Slide the horizontal stop all the way to the right and center the device on the drawer front, using the left and right half-scales as indicators.

Slide the stop to the left until makes contact with the right side of the drawer front and tighten.

Adjust drill bushings (3" to 4-1/2" on-center) to match hardware mounting hole(s) and tighten.

Loosen the locking knob on the drill bushing block...slide it vertically to your desired position...and re-tighten the locking knob.

Use a 3/16" twist drill bit in the applicable hardened bushings to bore mounting holes.

Move the Easy Mark to the next drawer and repeat the process. "
+++ *****
==


----------



## Stick486 (Jan 4, 2013)

You are a thinker...
you execute rather well too...
now to put tape over the holes you're not using at the time...
don't ask why this is recommended...


----------



## TRN_Diesel (Feb 24, 2009)

BJ that is preety pricy for what it does. Mine cost me under $10.00 to build, and even a guy like you can appreciate a shop made jig over a pricy retail jig. 

But hey thanks for posting a jig I never saw and glad I never bought!

Off to buy a router bit with the money I saved.


----------



## TRN_Diesel (Feb 24, 2009)

I use a grease pencil and circle the holes I need to drill. When I am done I rub them off with a little elbow grease. But yes been there done that and know what to do now to prevent drilling unnecessary holes and using woodfill.


----------



## JudgeMike (Feb 27, 2012)

Very nice. Thanks for posting the pictures and the instructions to build. This will be on my "To Do" list because one of these days I will learn to build the drawers and cabinets that I really need in my shop.


----------



## bobj3 (Jan 17, 2006)

Hi Dan

You're welcome I make many jigs as you know but when I come across one that works right every time I buy it ,60.oo bucks is not that much for a jig that works.
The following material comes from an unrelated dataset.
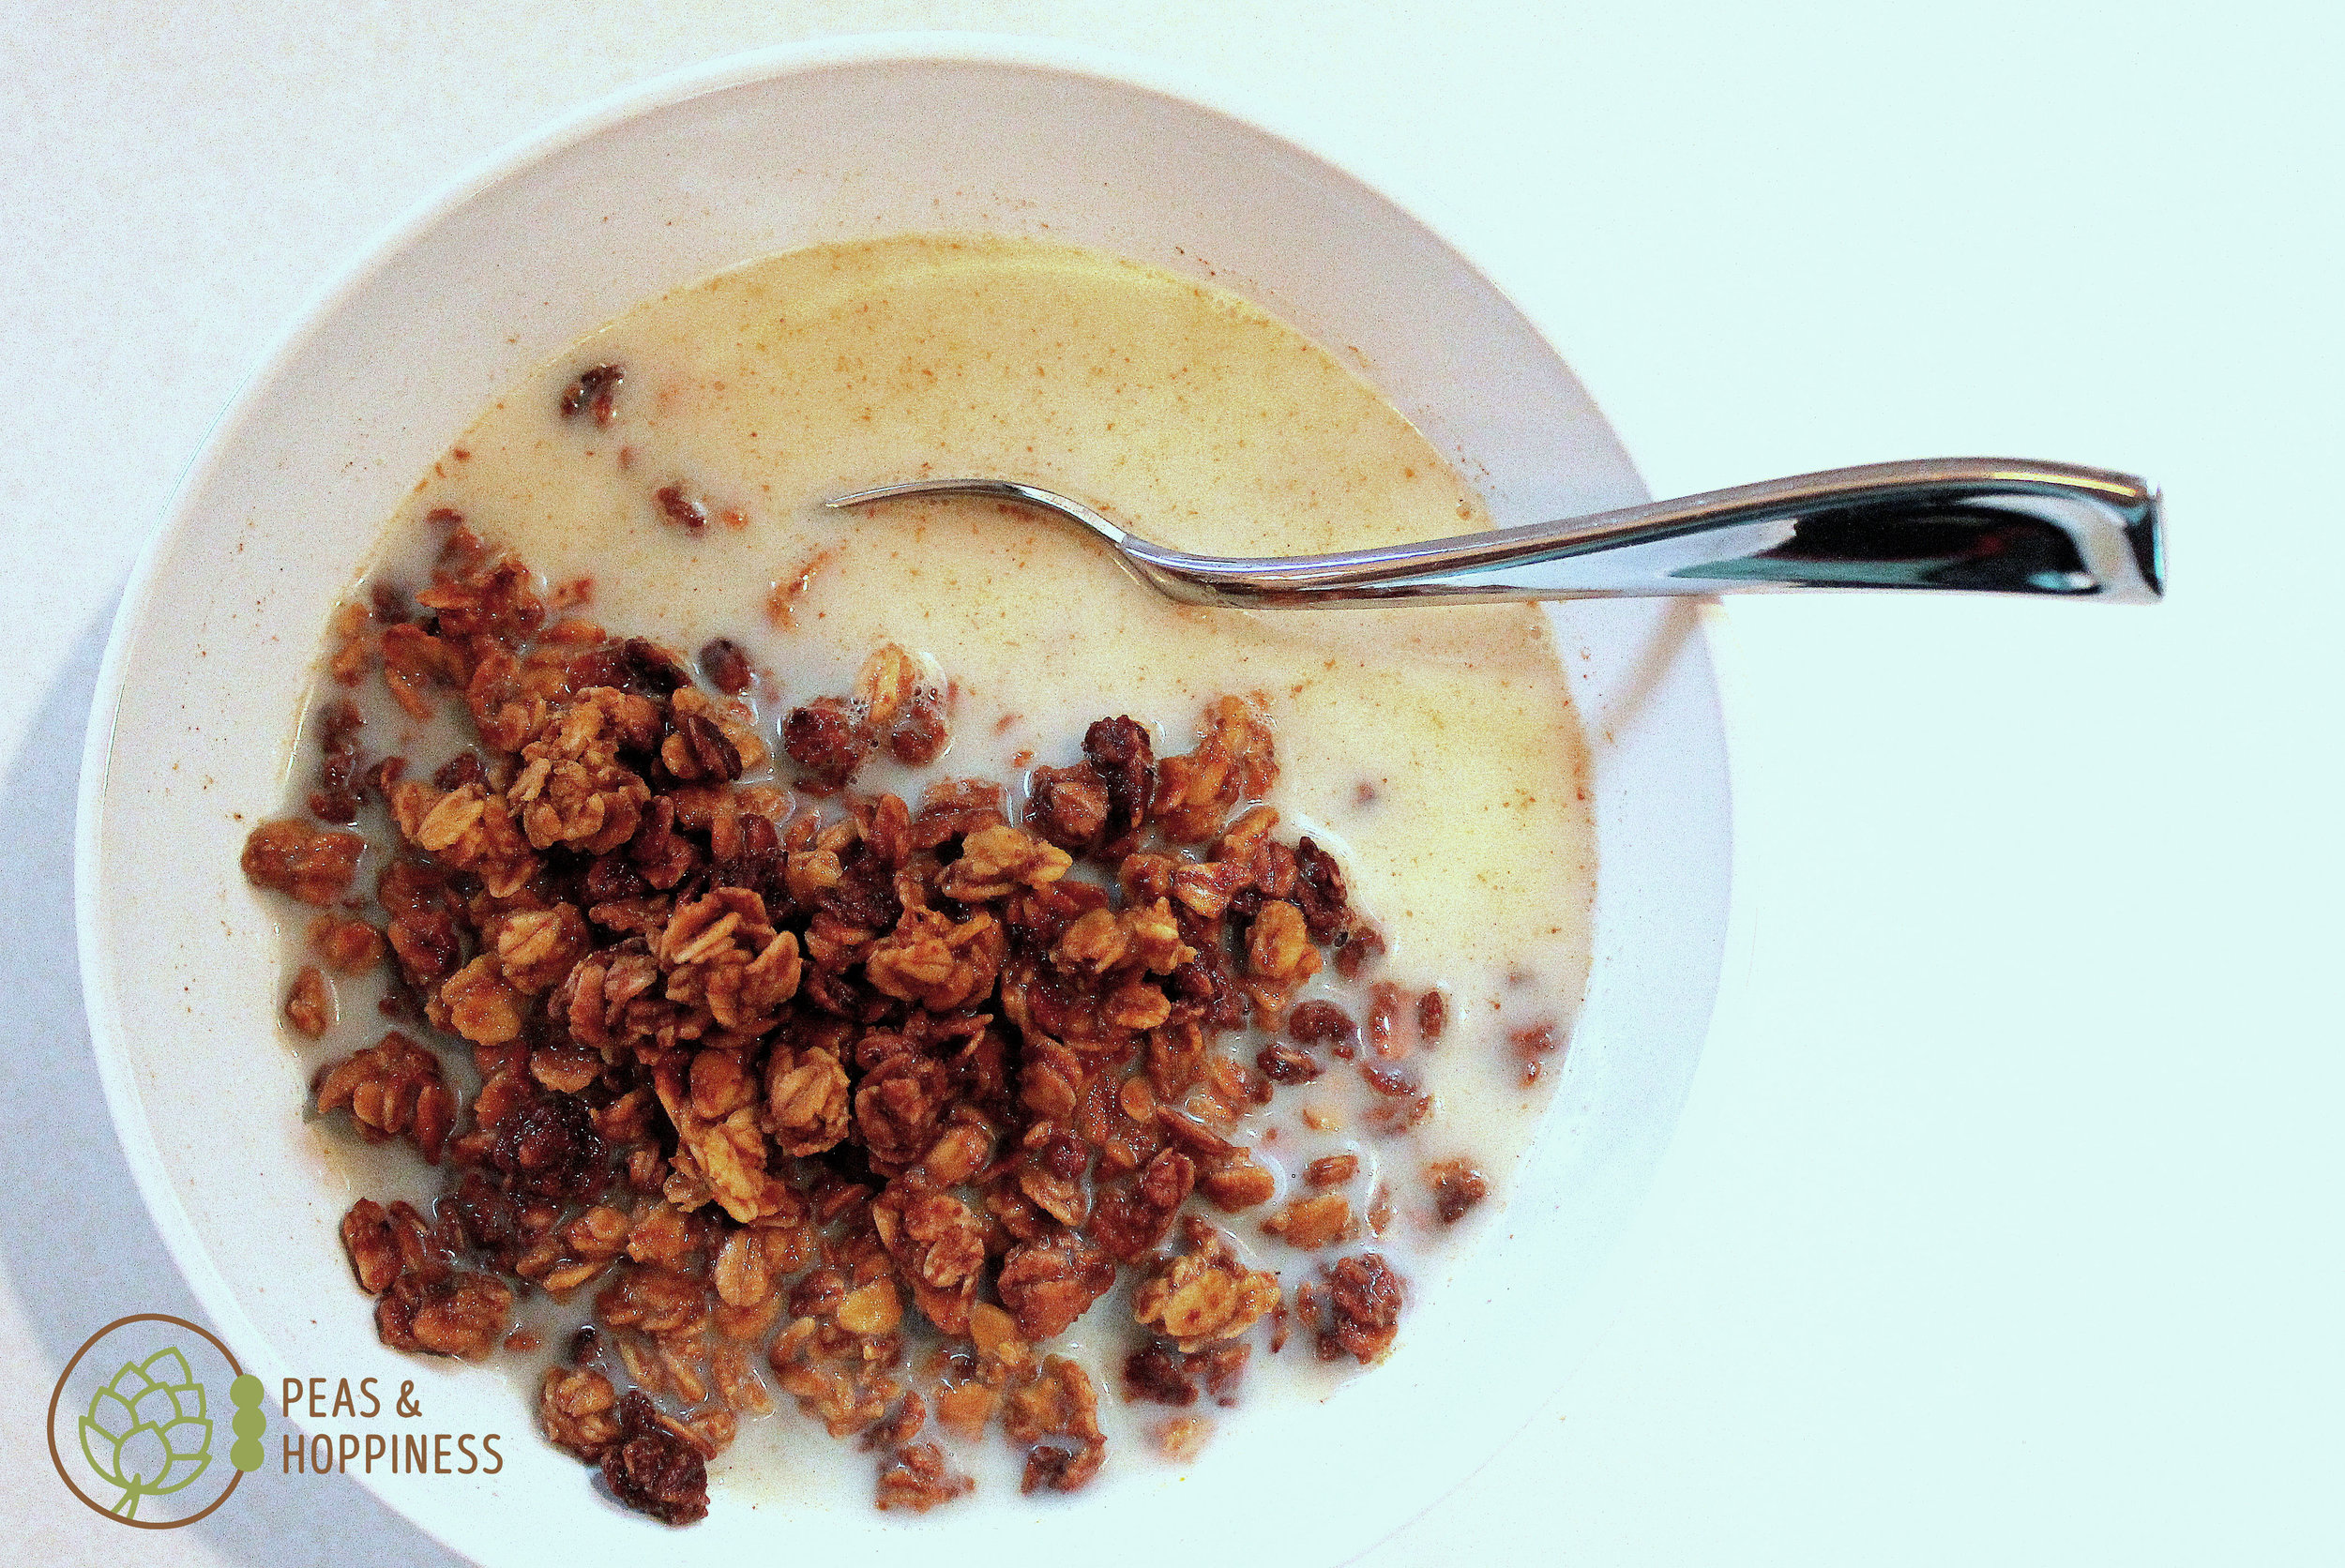 Pumpkin Spice Granola. Throw in sliced almonds for a balanced breakfast! Get the recipe
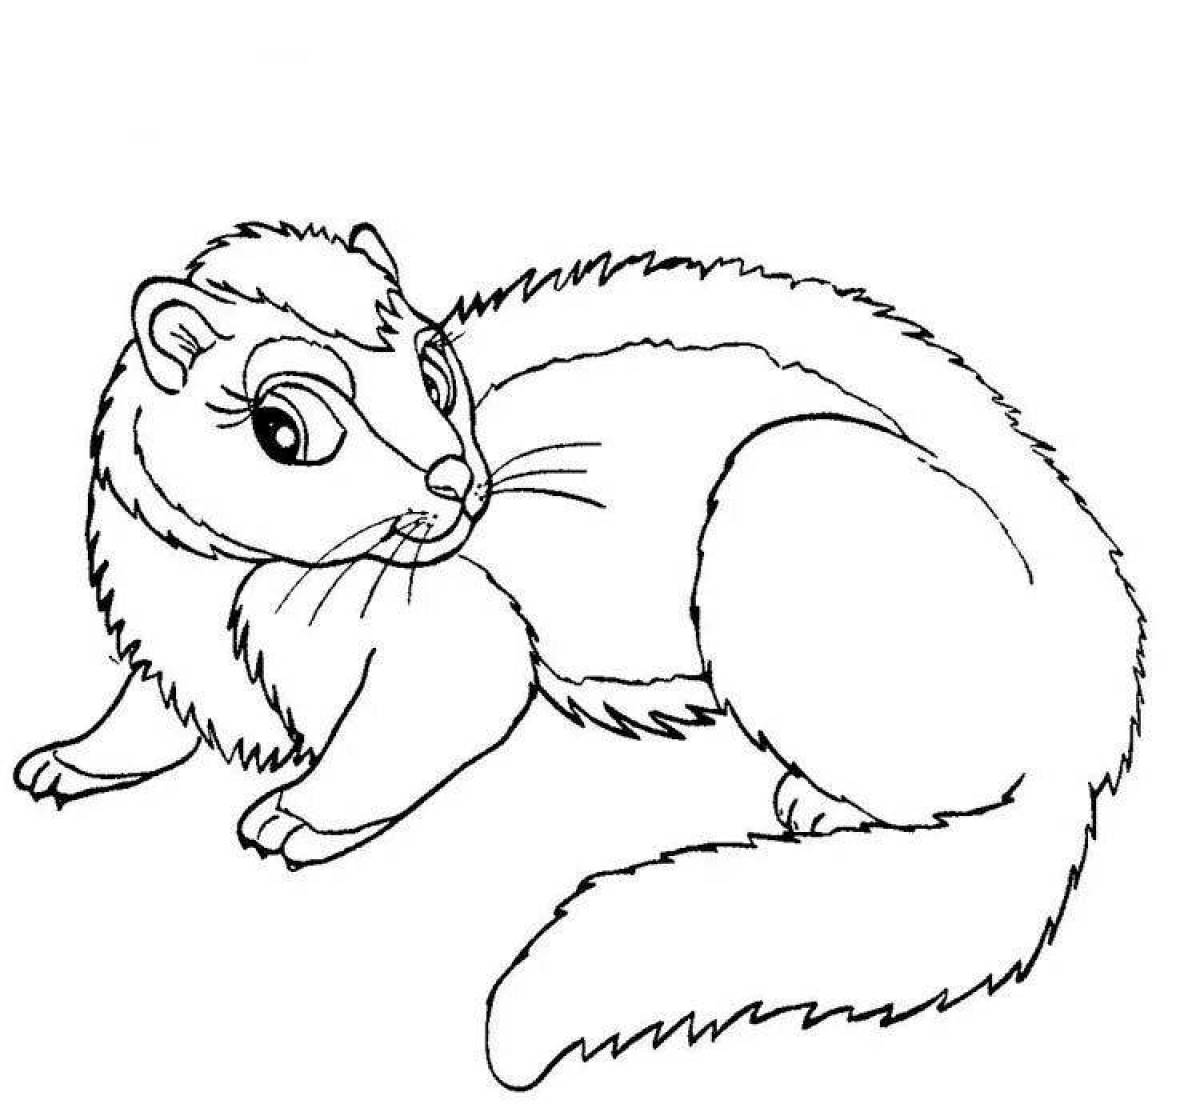 Fancy weasel animal coloring page

If I make some cabinet doors or drawers and go to all that work I don't want a jig that can make all that work into some fire wood with a hole that's out of place...

====



TRN_Diesel said:


> BJ that is preety pricy for what it does. Mine cost me under $10.00 to build, and even a guy like you can appreciate a shop made jig over a pricy retail jig.
> 
> But hey thanks for posting a jig I never saw and glad I never bought!
> 
> Off to buy a router bit with the money I saved.


----------



## TRN_Diesel (Feb 24, 2009)

BJ

That is why you first make a test board and test prior to drilling in plastic. Once you confirm there are no errors, there shouldn't be any extra fire wood. But I do understand buying something that performs as it states. Nothing preturbs me more than buying something only to find out you could have built it yourself and saved money and do what you need it to do. 

Having said that I will keep my fingers cross and let you know how I make out on Wednesday when I do the (17) handle install in the kitchen.


----------



## N'awlins77 (Feb 25, 2011)

Wow, what to do, what to do. I was excited to see your version Dan, and then when I saw Bob's link to the one already made, I was even more pleased, as I don't know if I'll have time to build your's Dan. BUT, 70 bucks for something I may use only about 17 or 18 times (my cabinets doors and drawers). I do already have two t-tracks, plastic and knobs. So materials would cost me zero. If I didn't have enough decisions to make with my kitchen and living room remodel.... ;o)


----------



## TRN_Diesel (Feb 24, 2009)

LOL I hear ya! You have to factor in your time I guess, but for me, I like to slip out to the shop and sip on a rye and cokeand enjoy the building process. For me, any time spent in the shop is like free therapy.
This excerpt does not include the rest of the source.